===== EXTRACTED RECORDS =====

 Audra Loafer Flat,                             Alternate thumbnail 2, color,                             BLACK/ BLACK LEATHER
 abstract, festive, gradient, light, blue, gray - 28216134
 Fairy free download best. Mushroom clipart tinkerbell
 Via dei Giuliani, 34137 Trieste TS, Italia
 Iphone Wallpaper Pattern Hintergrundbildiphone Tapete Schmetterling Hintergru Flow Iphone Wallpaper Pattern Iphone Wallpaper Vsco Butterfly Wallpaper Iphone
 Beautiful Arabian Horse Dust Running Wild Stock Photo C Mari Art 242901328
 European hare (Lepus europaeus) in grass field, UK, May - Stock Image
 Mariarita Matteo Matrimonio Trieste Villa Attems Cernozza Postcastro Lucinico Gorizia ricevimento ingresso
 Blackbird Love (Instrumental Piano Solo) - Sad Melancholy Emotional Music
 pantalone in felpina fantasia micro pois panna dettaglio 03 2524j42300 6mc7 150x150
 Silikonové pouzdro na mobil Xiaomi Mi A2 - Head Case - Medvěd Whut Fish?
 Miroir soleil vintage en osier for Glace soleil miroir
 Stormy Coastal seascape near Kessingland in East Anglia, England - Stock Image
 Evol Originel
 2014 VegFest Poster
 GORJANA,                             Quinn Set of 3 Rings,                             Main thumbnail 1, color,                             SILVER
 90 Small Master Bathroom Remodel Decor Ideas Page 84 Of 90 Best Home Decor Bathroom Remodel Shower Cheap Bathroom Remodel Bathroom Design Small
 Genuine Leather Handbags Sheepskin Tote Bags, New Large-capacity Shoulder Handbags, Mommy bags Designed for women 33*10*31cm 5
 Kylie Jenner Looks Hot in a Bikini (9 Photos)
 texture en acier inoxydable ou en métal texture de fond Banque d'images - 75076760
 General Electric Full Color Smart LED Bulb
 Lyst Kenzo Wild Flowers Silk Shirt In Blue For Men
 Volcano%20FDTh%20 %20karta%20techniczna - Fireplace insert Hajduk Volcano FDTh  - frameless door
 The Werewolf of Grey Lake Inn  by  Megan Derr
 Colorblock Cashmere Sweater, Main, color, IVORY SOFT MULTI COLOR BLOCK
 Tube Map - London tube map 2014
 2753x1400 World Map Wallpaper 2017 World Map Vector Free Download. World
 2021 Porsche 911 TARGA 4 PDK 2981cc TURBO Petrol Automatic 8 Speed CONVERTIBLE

=====

From the entries above, print the lines beginning at the one with "Mariarita Matteo Matrimonio" and stopping after the one with "Lyst Kenzo Wild", exactly as written and with nothing else.

 Mariarita Matteo Matrimonio Trieste Villa Attems Cernozza Postcastro Lucinico Gorizia ricevimento ingresso
 Blackbird Love (Instrumental Piano Solo) - Sad Melancholy Emotional Music
 pantalone in felpina fantasia micro pois panna dettaglio 03 2524j42300 6mc7 150x150
 Silikonové pouzdro na mobil Xiaomi Mi A2 - Head Case - Medvěd Whut Fish?
 Miroir soleil vintage en osier for Glace soleil miroir
 Stormy Coastal seascape near Kessingland in East Anglia, England - Stock Image
 Evol Originel
 2014 VegFest Poster
 GORJANA,                             Quinn Set of 3 Rings,                             Main thumbnail 1, color,                             SILVER
 90 Small Master Bathroom Remodel Decor Ideas Page 84 Of 90 Best Home Decor Bathroom Remodel Shower Cheap Bathroom Remodel Bathroom Design Small
 Genuine Leather Handbags Sheepskin Tote Bags, New Large-capacity Shoulder Handbags, Mommy bags Designed for women 33*10*31cm 5
 Kylie Jenner Looks Hot in a Bikini (9 Photos)
 texture en acier inoxydable ou en métal texture de fond Banque d'images - 75076760
 General Electric Full Color Smart LED Bulb
 Lyst Kenzo Wild Flowers Silk Shirt In Blue For Men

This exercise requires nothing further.